## HOW TO COMPLETE THIS TASK
Leave the pictures aside and copy all the data exactly.

## MATERIAL PROVIDED
§
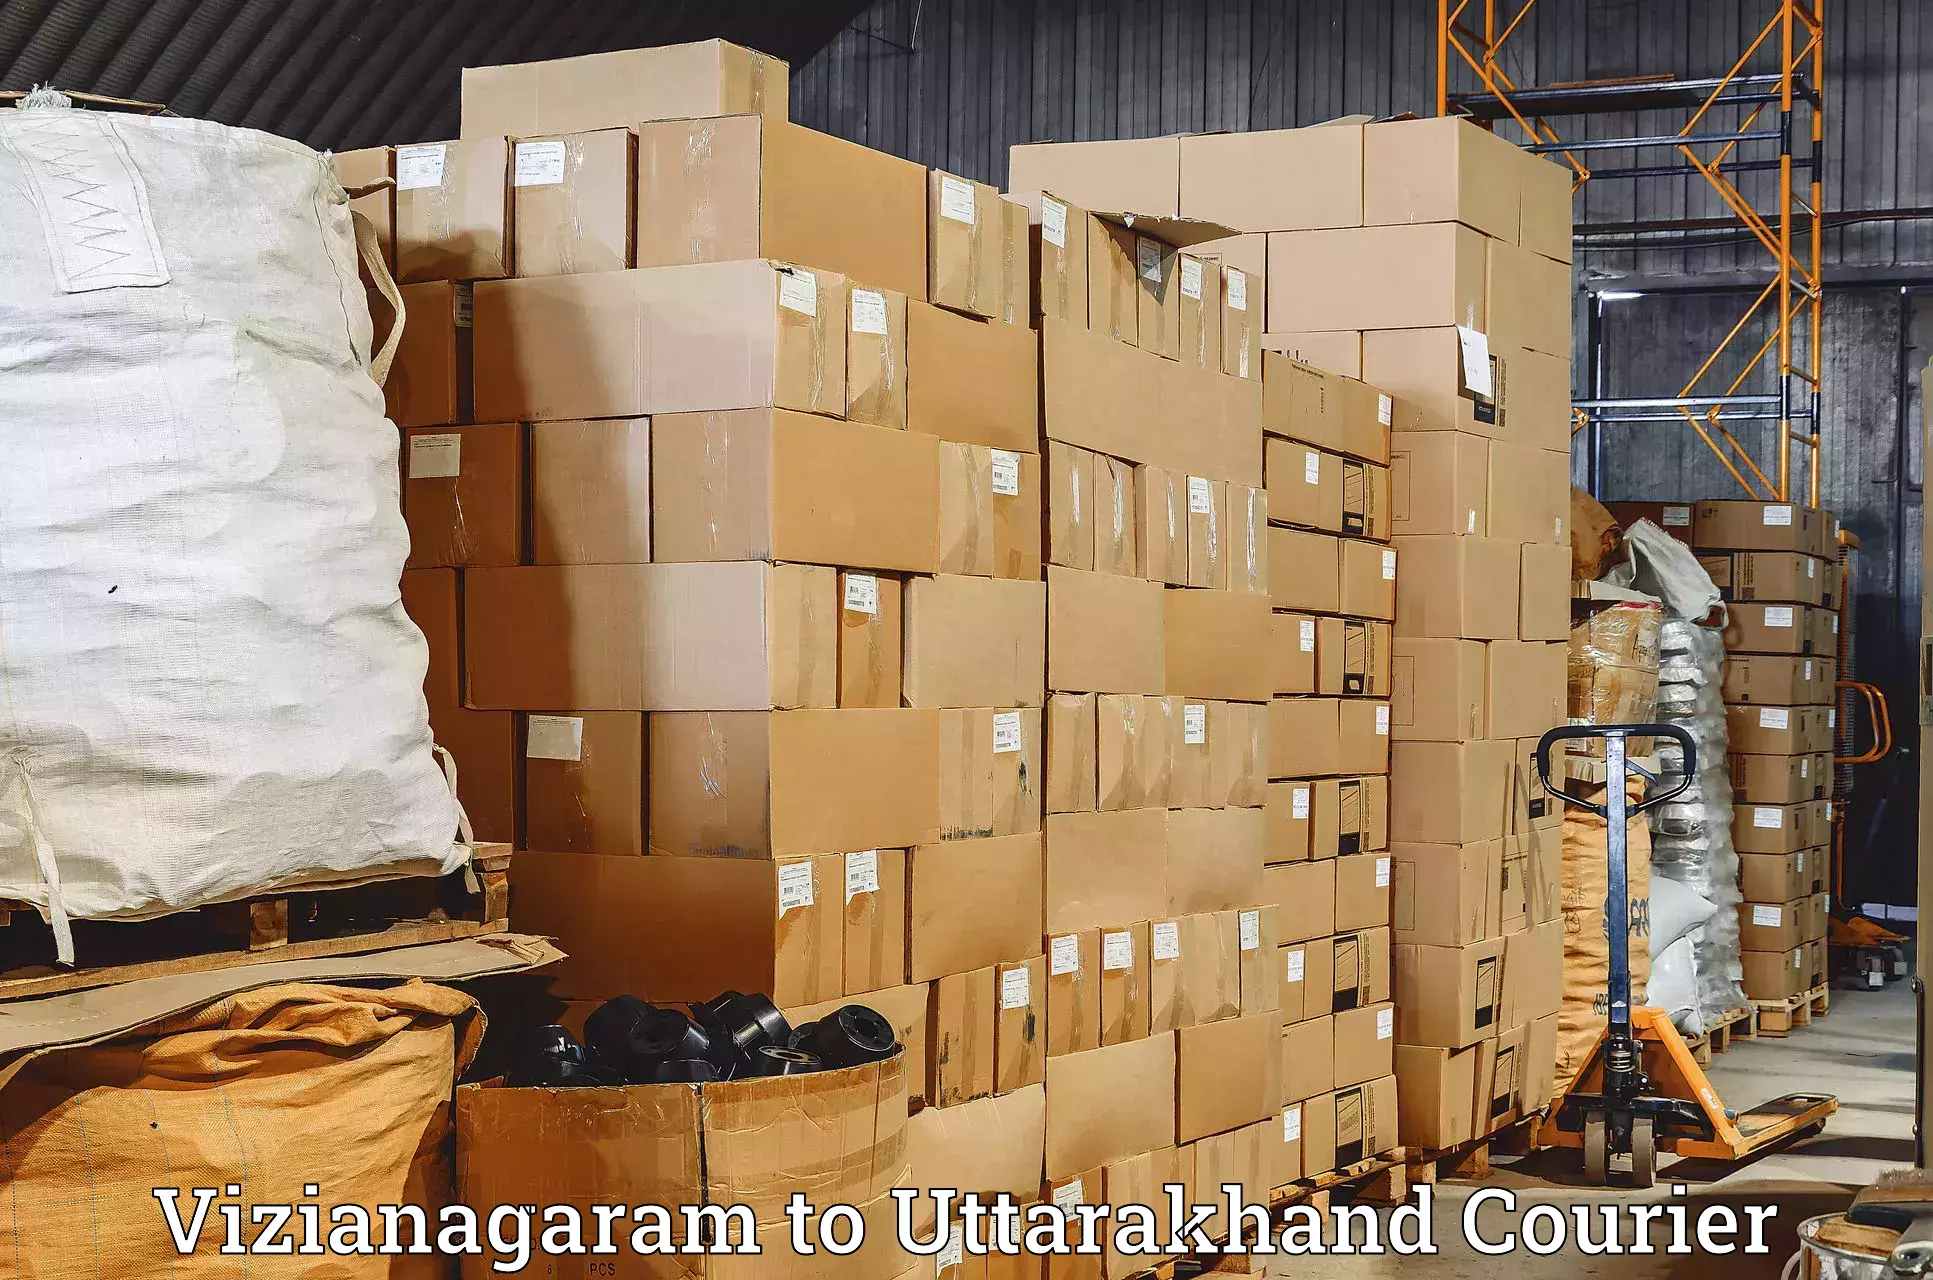 Next-generation courier services Vizianagaram to Bageshwar
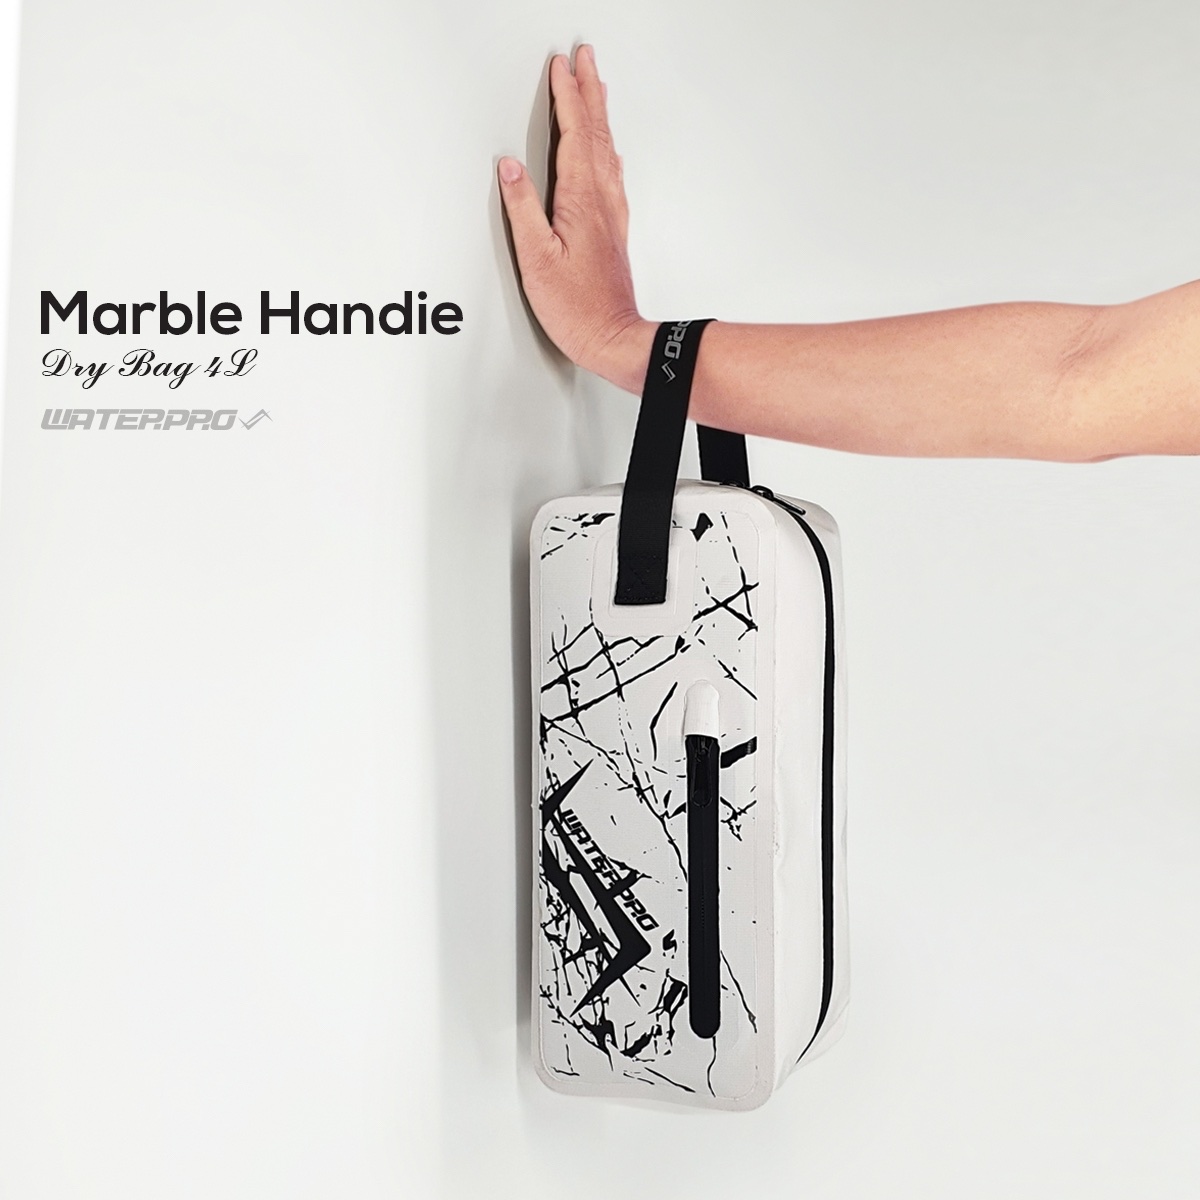 กระเป๋ากันน้ำ ขนาด 4 ลิตร Water Pro - Marble Handie Dry Bag 4L
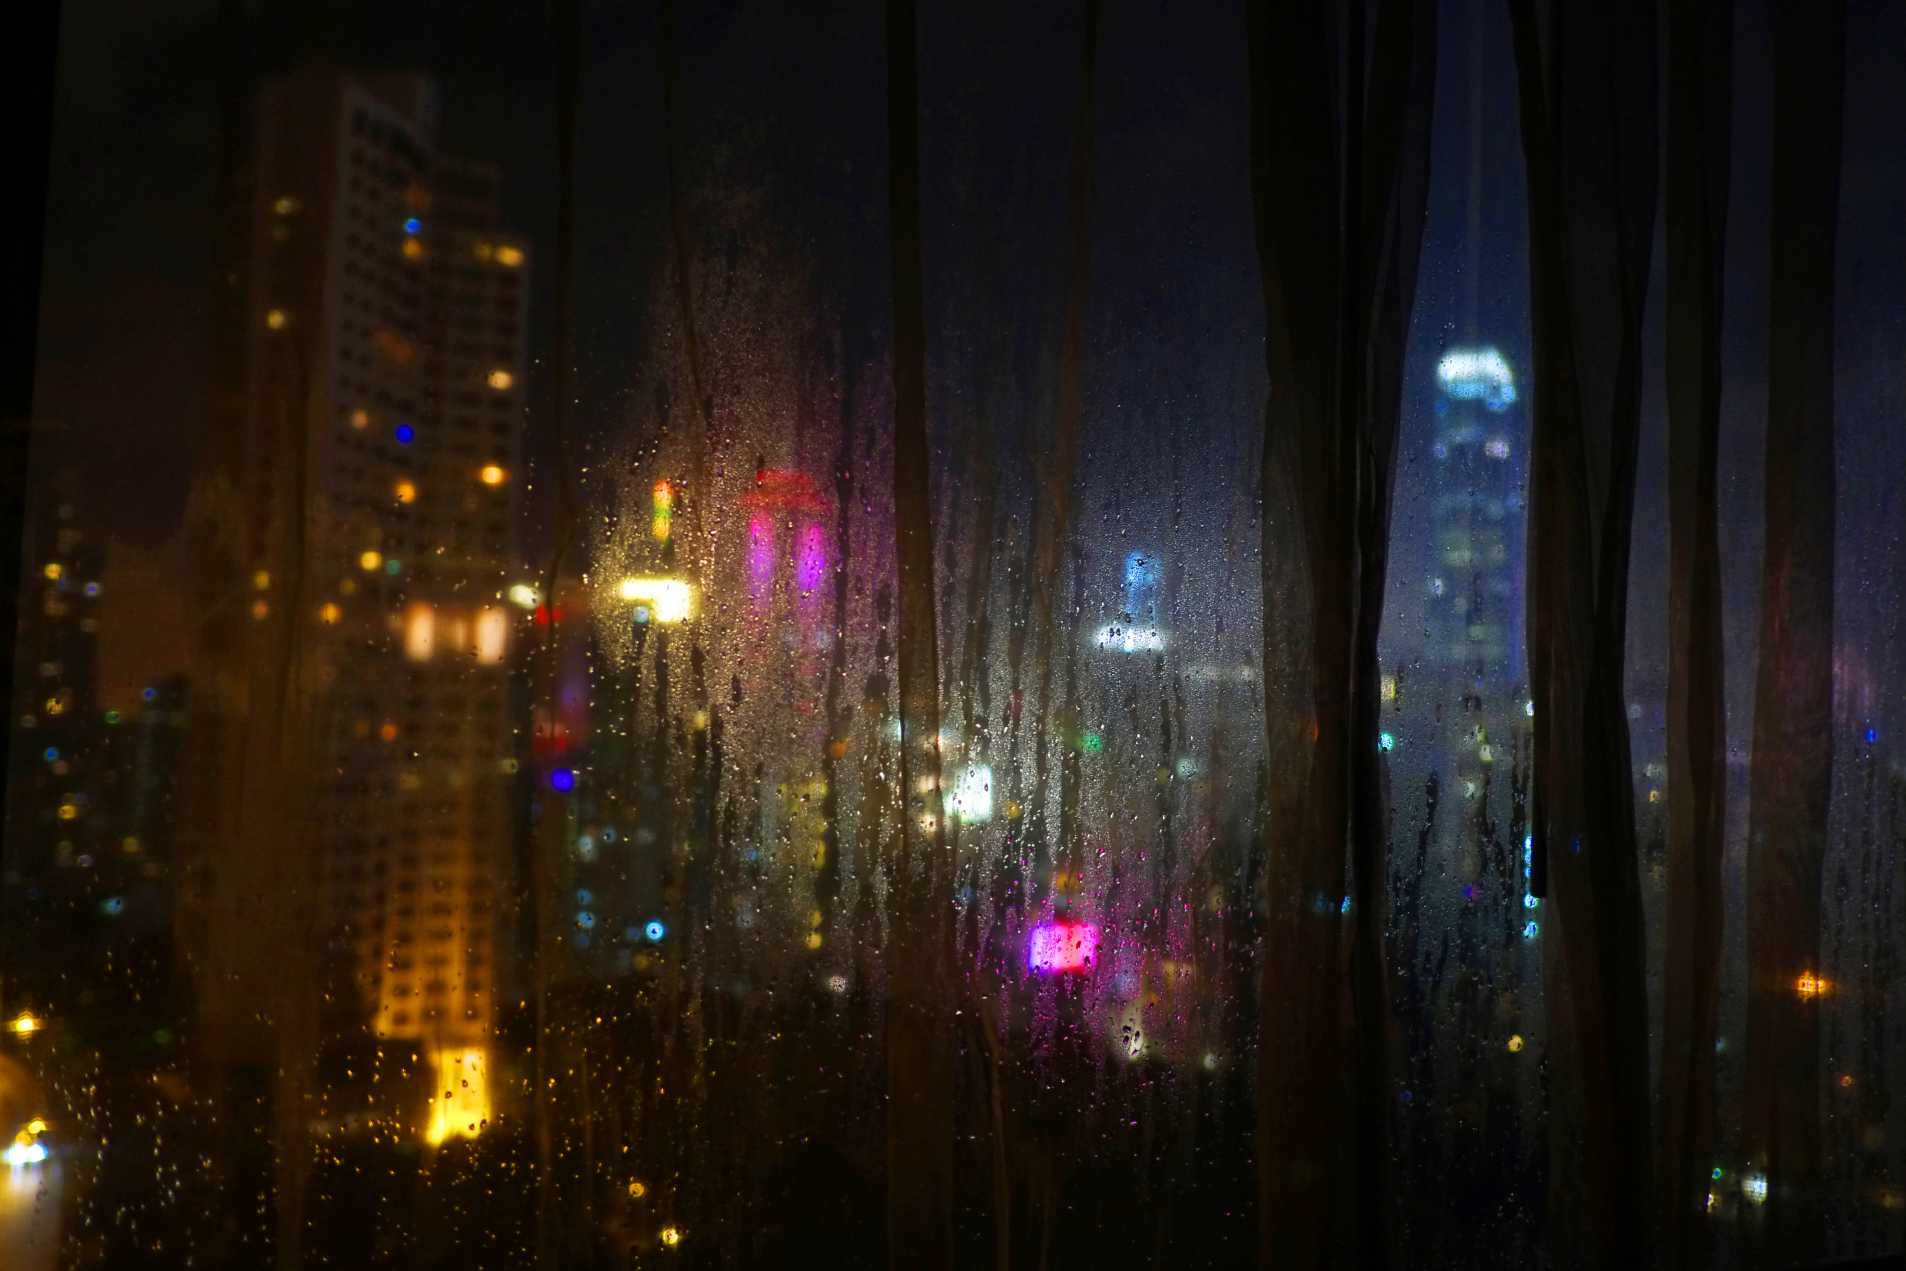  "Hotel Room" Hong Kong. 2014 
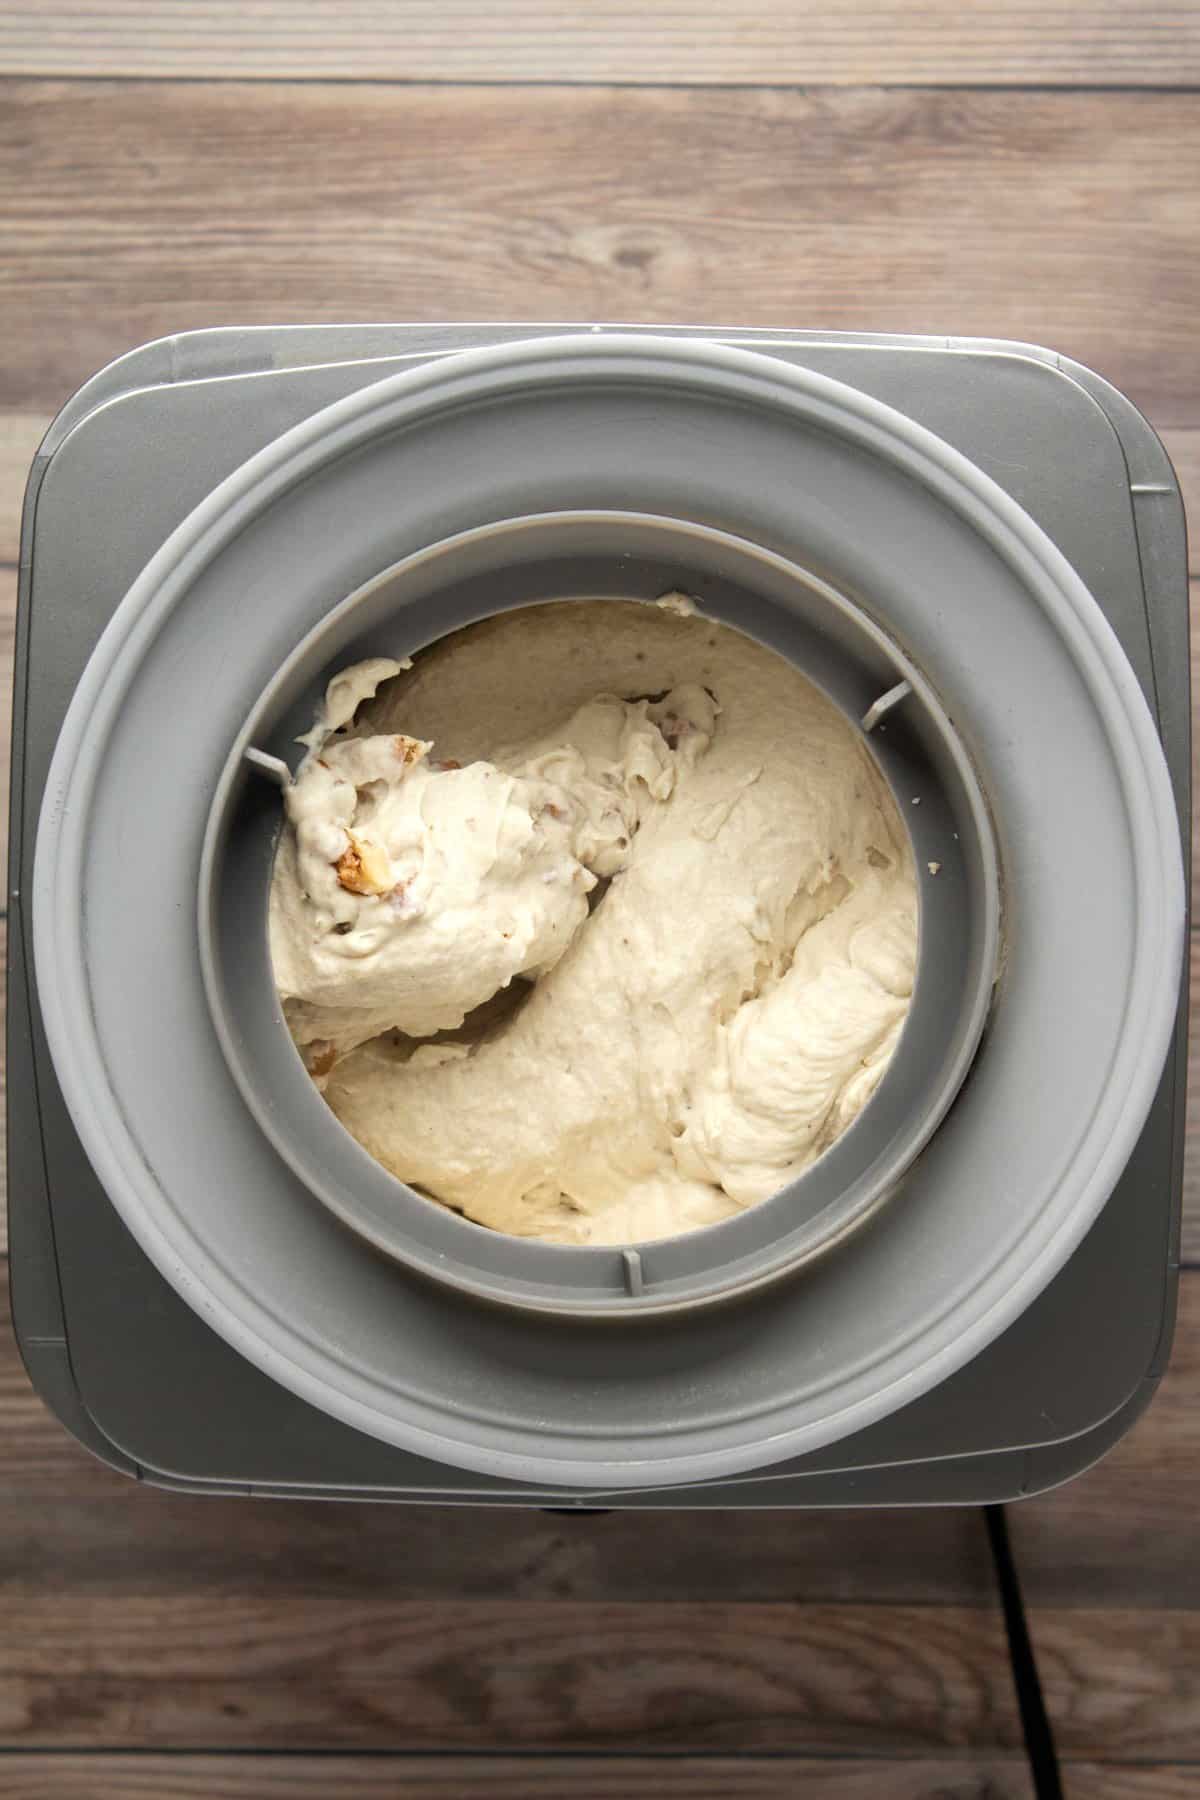 Churning banana ice cream in an ice cream machine.
§
## WORKED SOLUTION
 Next-generation courier services Vizianagaram to Bageshwar
 กระเป๋ากันน้ำ ขนาด 4 ลิตร Water Pro - Marble Handie Dry Bag 4L
  "Hotel Room" Hong Kong. 2014 
 Churning banana ice cream in an ice cream machine.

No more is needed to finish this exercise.